:: Task to carry out ::
The needed output is the run of lines below from the one containing "An art work" through the one containing "寻觅一瓶高品质性价比波特酒", copied exactly and free of pictures.

:: Supplied data ::
:::

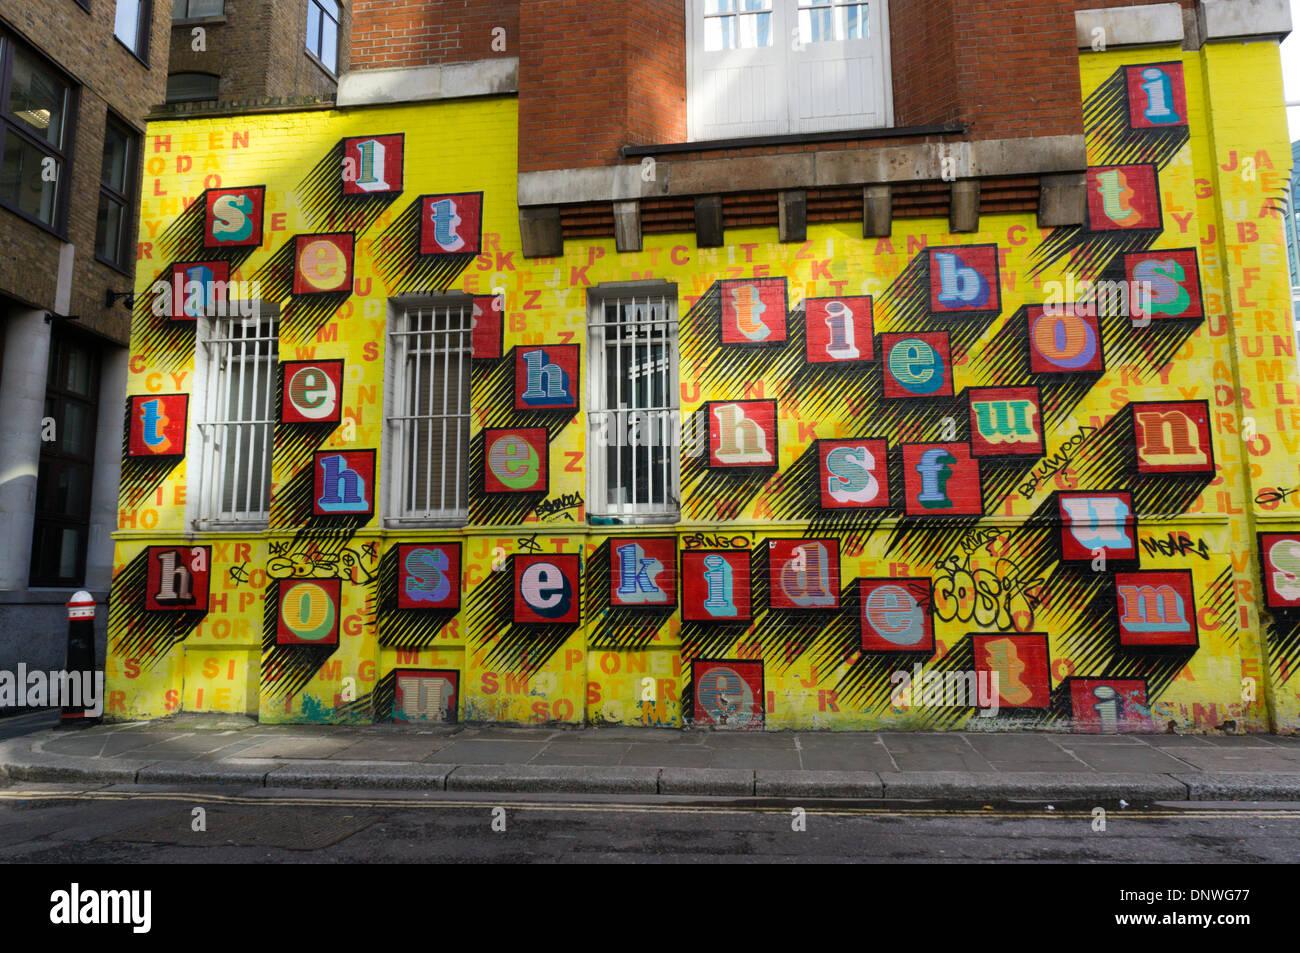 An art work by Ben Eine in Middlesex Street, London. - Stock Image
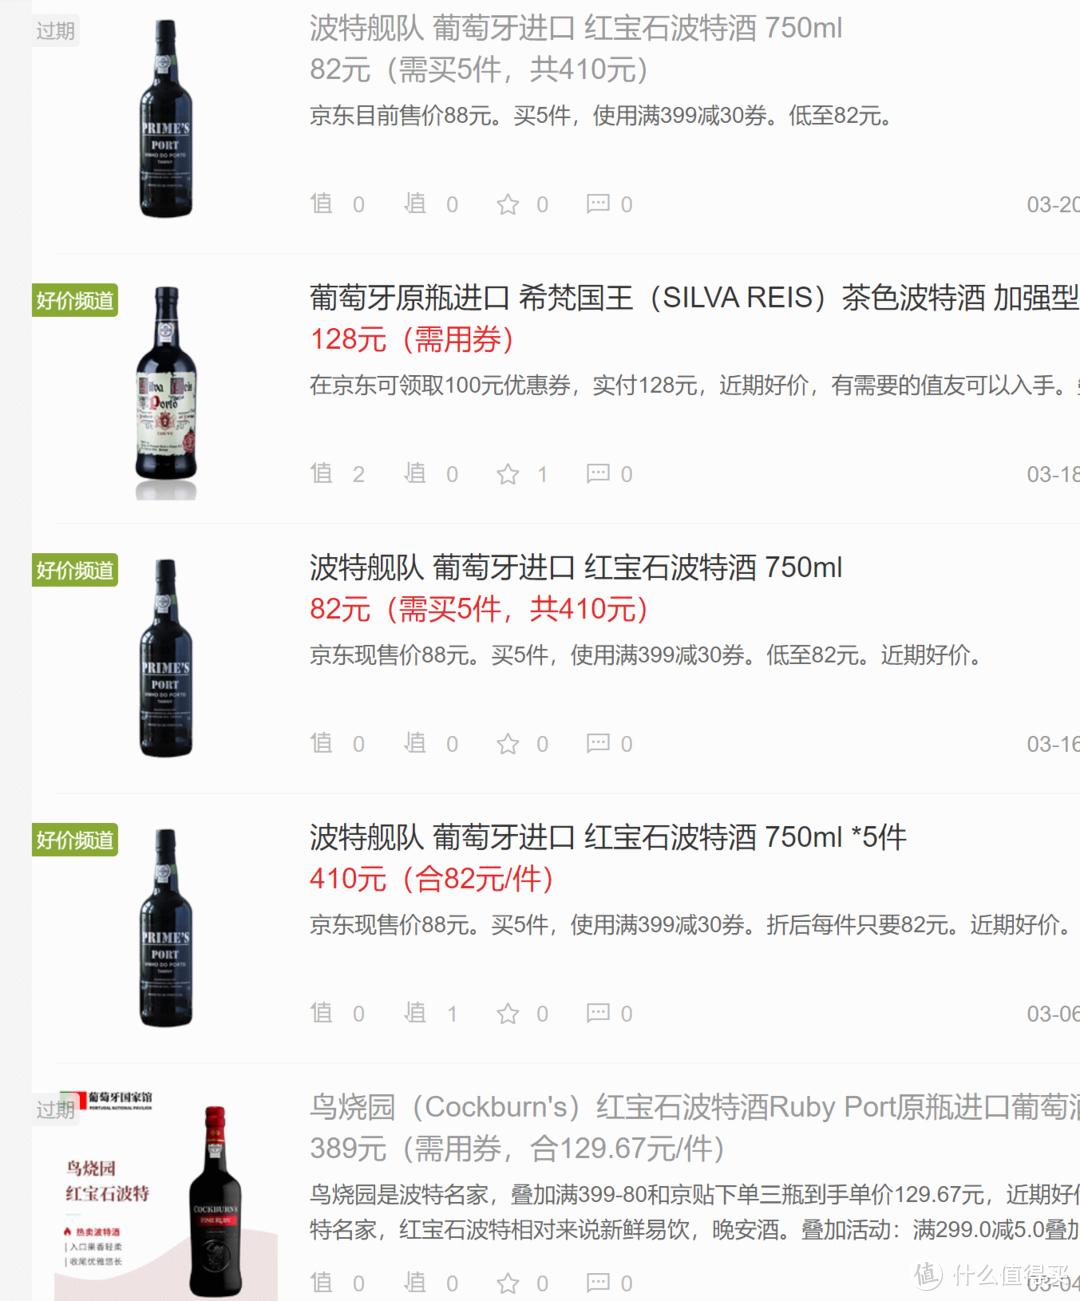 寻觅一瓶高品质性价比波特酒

:::

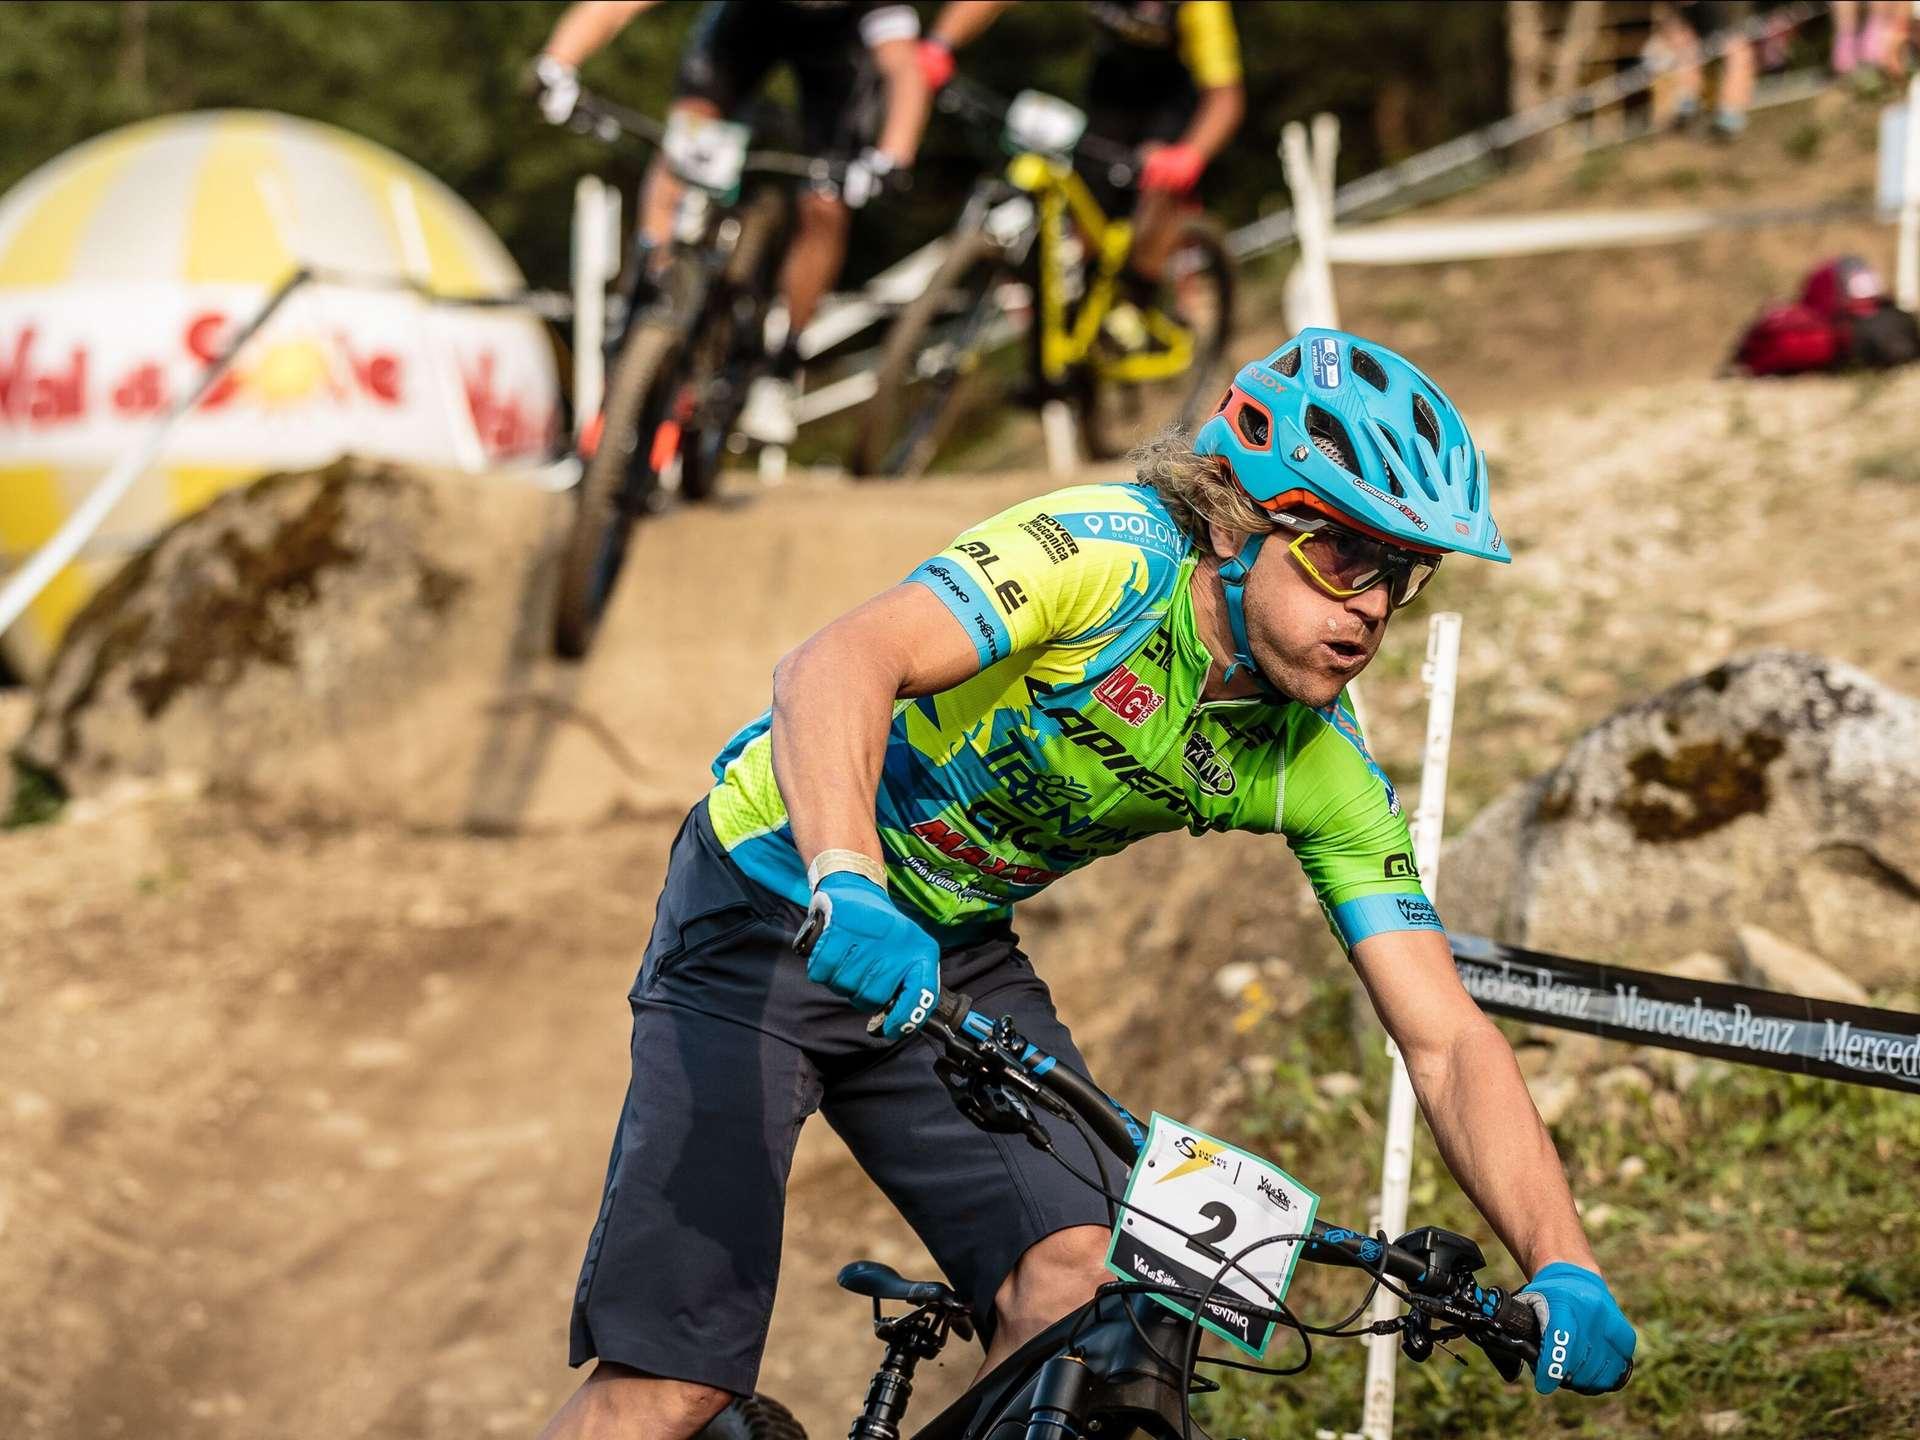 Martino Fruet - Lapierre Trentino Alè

:::

:: The answer ::
 An art work by Ben Eine in Middlesex Street, London. - Stock Image
 寻觅一瓶高品质性价比波特酒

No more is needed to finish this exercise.